Maybe not so reasonable.
He used Simone Signoret as an example, for the attitude she expressed about her husband Yves Montand‘s very public affair with Marilyn Monroe. Signoret famously said, “If Marilyn is in love with my husband it proves she has good taste, for I am in love with him, too.” But surely the educated heart takes in more than what people say about themselves? After all, she didn’t get a vote in the situation, and was humiliated and embittered by it, later admitting, “I detest women who come too close to him. Our friends are very carefully selected.” Nine-tenths of what people say about themselves, I find, is self-justification, and the remaining tenth is PR. Moreover, I agree with William Maxwell, “In talking about the past, we lie with every breath we draw.” Signoret wrote of Monroe, “She will never know how much I didn’t hate her,” but that was after the movie icon was long and safely dead. The affair had accelerated the downward spiral that led to Monroe’s suicide. The unstable star had stumbled into a triangle where two people were playing poker, and one roulette. She was playing for keeps in a world where nothing was for keeps…

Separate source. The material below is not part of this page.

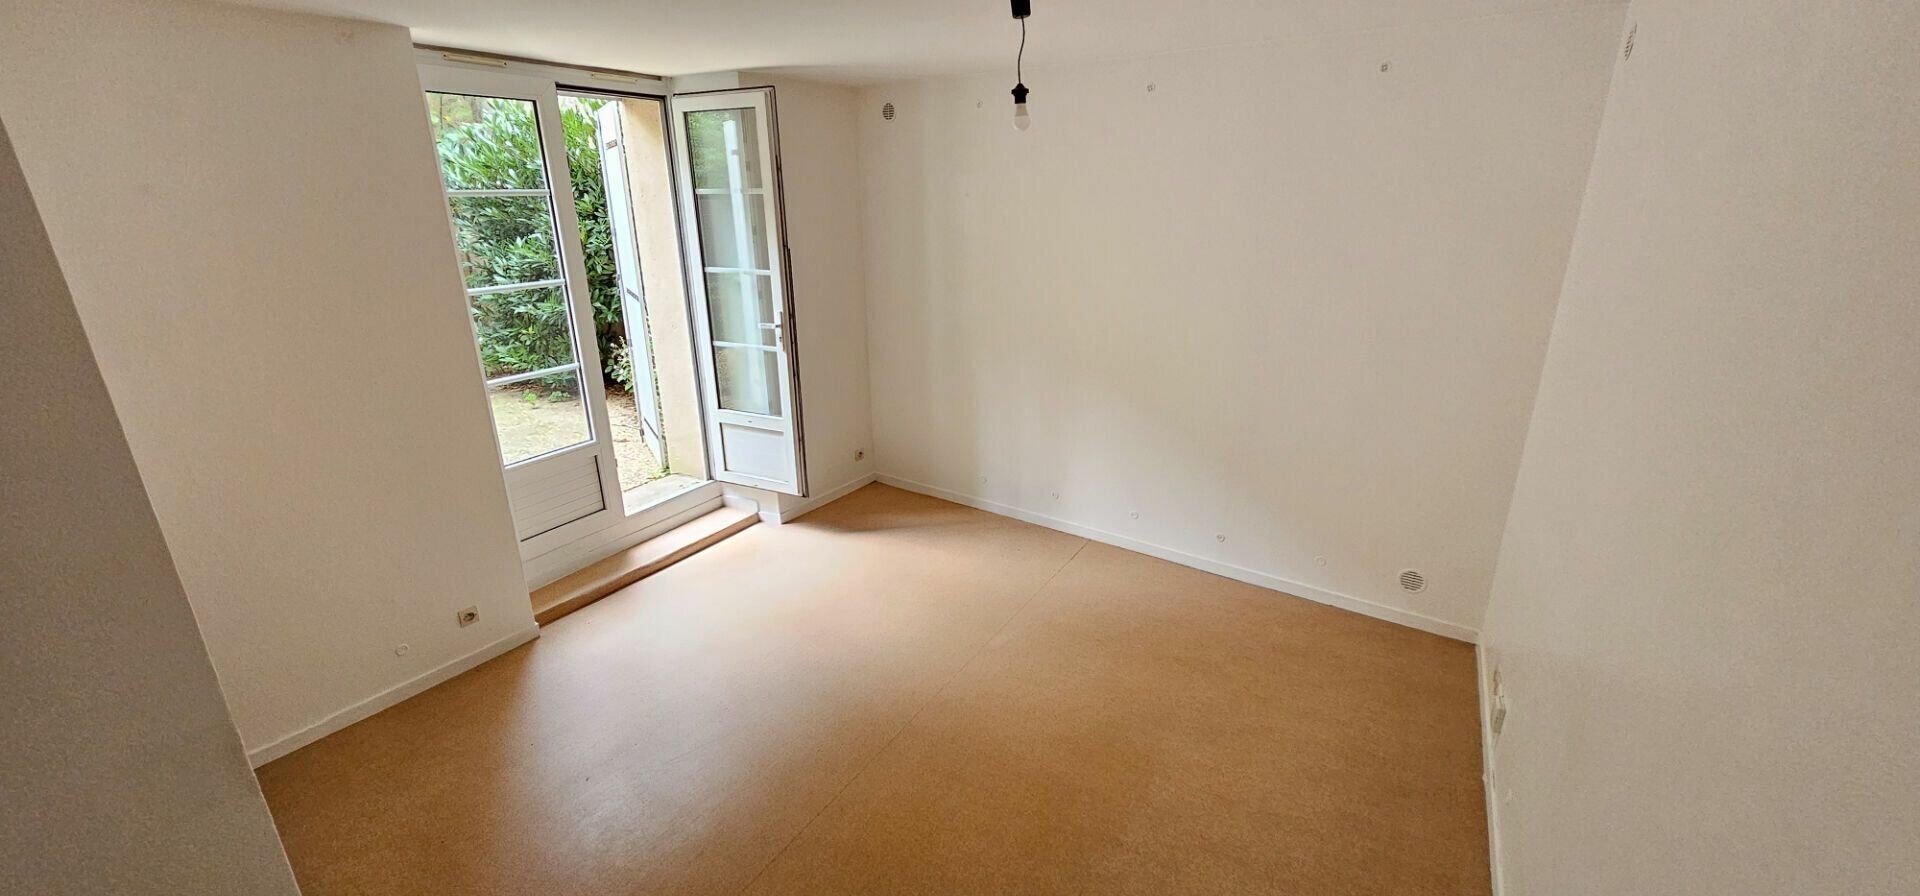 Appartement à vendre 2 71.31m2 à Poitiers vignette-2

Anyway, these thoughts began to roll through my mind, so I almost missed what he said next – about France having “a kind of emotionality that is the fruit of a cultivation of certain intelligent analysis of what the emotions can do.”
Then his final point: “One quick word about form. One thing I respect the most about almost any kind of French event or meal or place, is that it’s done in a holistic fashion. There is nothing that is done halfway. Now that I’ve become a chevalier, I shouldn’t use the language that I might have used before,” he said and paused, with a glance at Madame Carmona. “I hope Madame le Consul will forgive me for the expression we use in English – saying we do something ‘half-assed.’ With the French, in my experience, it’s always ‘whole-assed.’ Tonight is another example of how things are not done halfway.” Everyone laughed.
Something about form, something that I wanted to say … oh, I don’t remember now. Like most of Robert’s talks, this one, though brief, was seminal, and I wanted to continue the conversation – but the room was growing loud, cacophonous even, and I was quickly enveloped by hubbub, champagne, and the solitude that occurs when what’s inside your head is so different from the noise around it.